- Task statement -
Exercise in exact copying: restate word for word only the lines below from the one containing "Nerve Regeneration - Stock Image" through the one containing "Gesine Arps, Nagatoshi", omitting any pictures.

- Input -
Segment Open

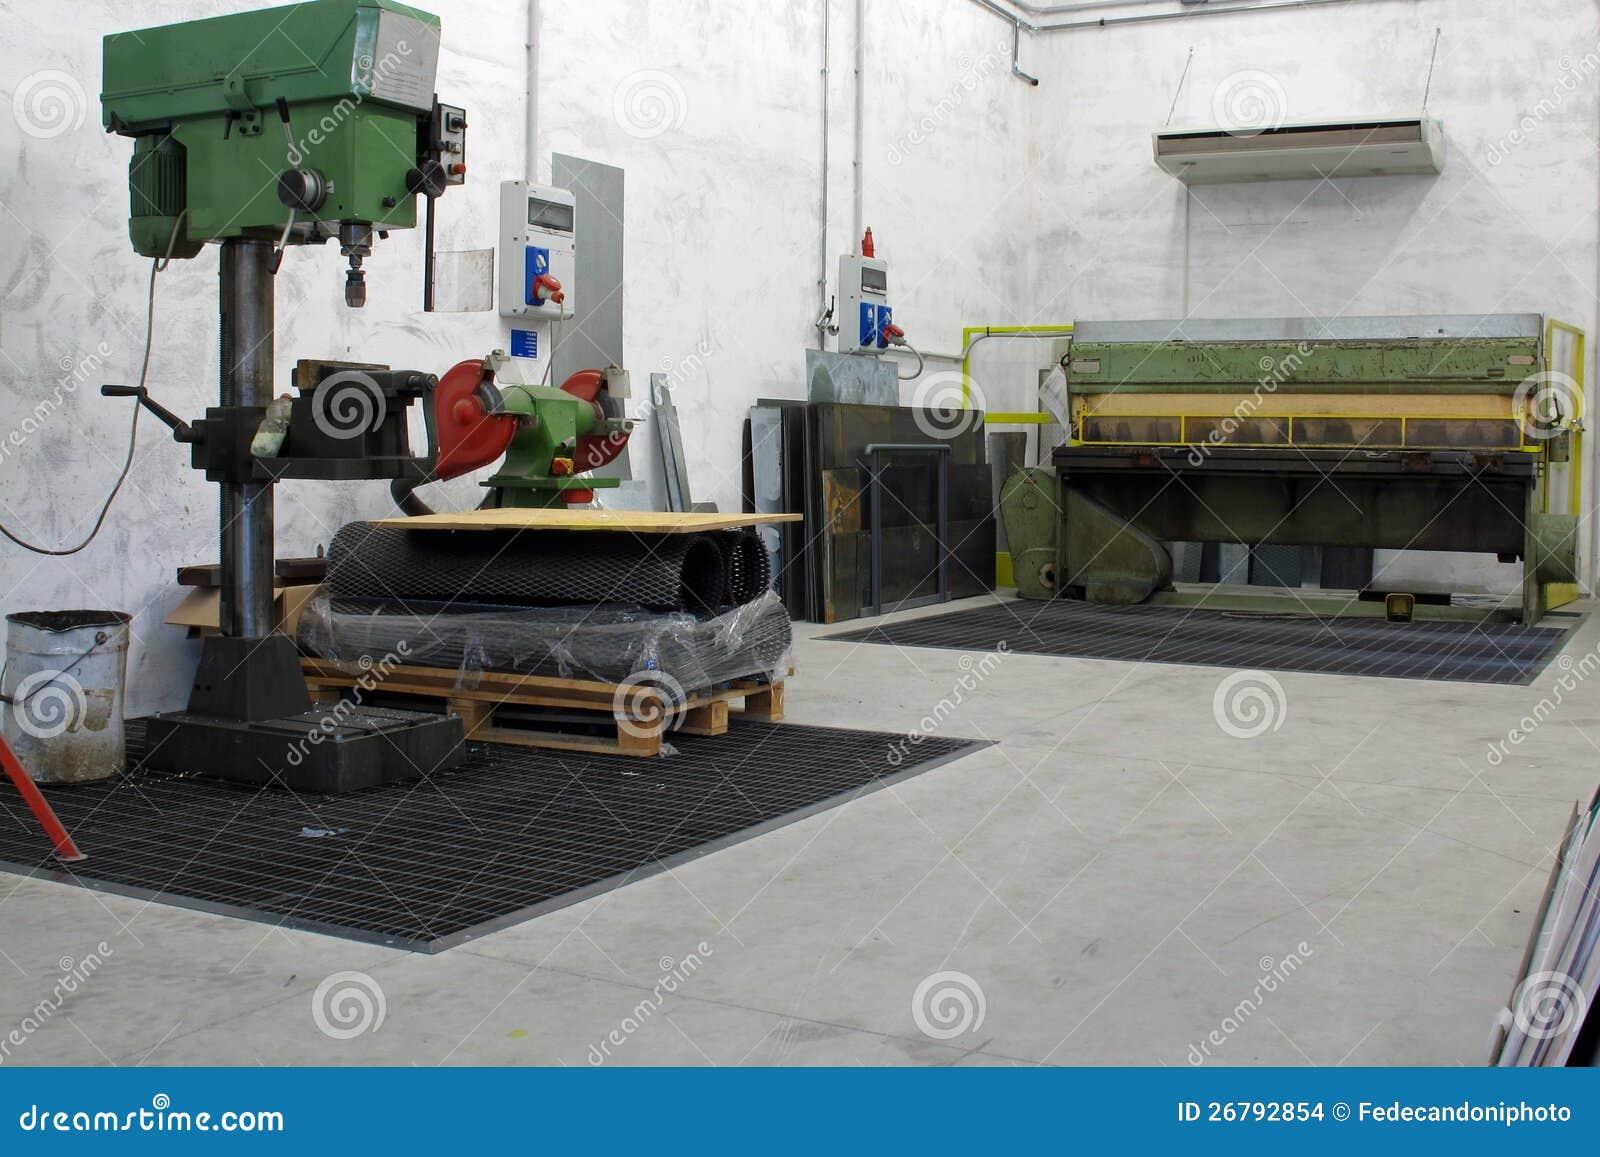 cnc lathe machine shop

Segment Closed
Segment Open

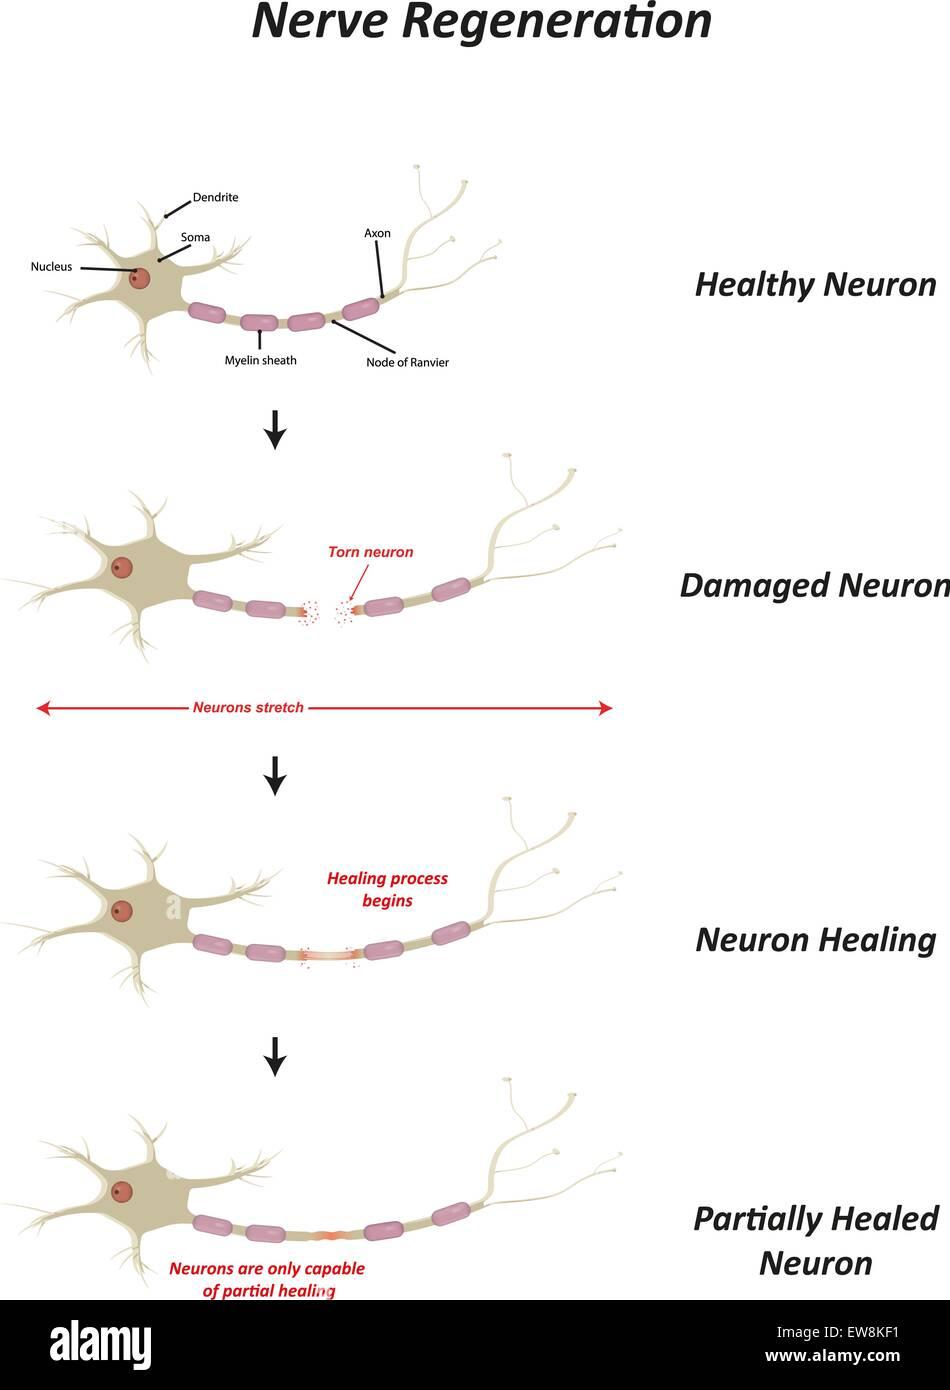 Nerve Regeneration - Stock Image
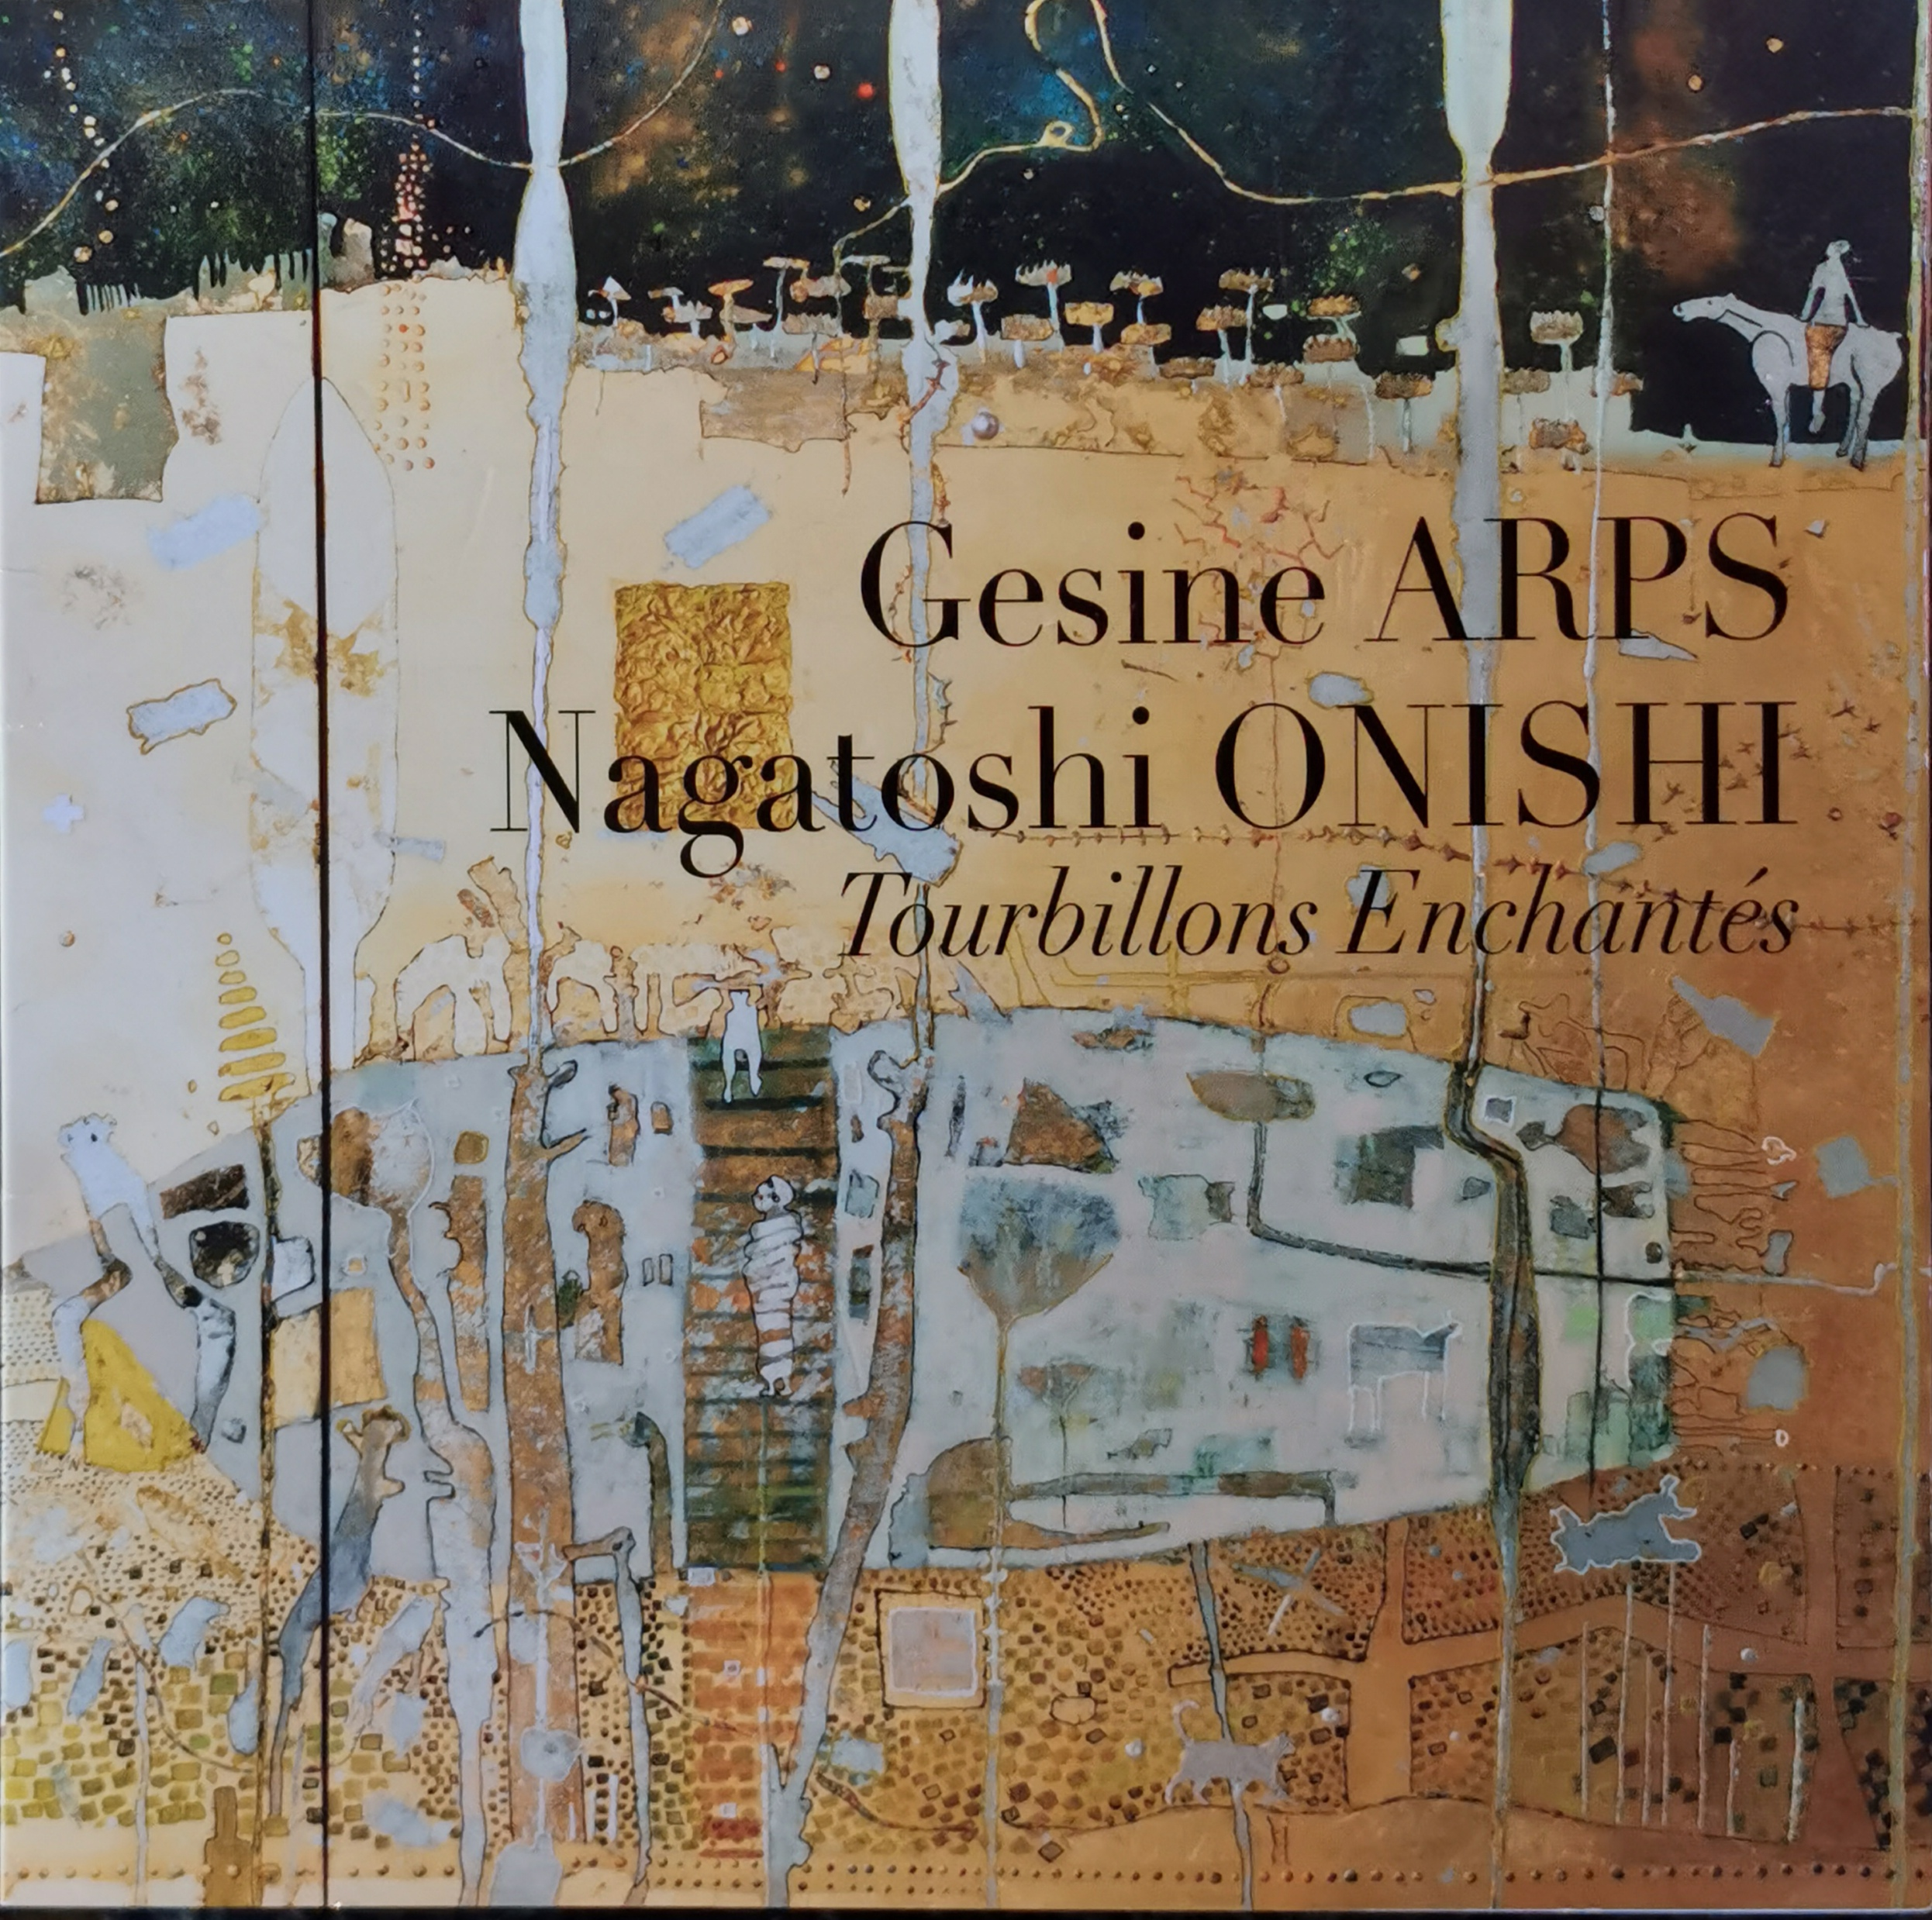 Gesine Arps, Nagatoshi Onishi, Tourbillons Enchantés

Segment Closed

- Task response -
 Nerve Regeneration - Stock Image
 Gesine Arps, Nagatoshi Onishi, Tourbillons Enchantés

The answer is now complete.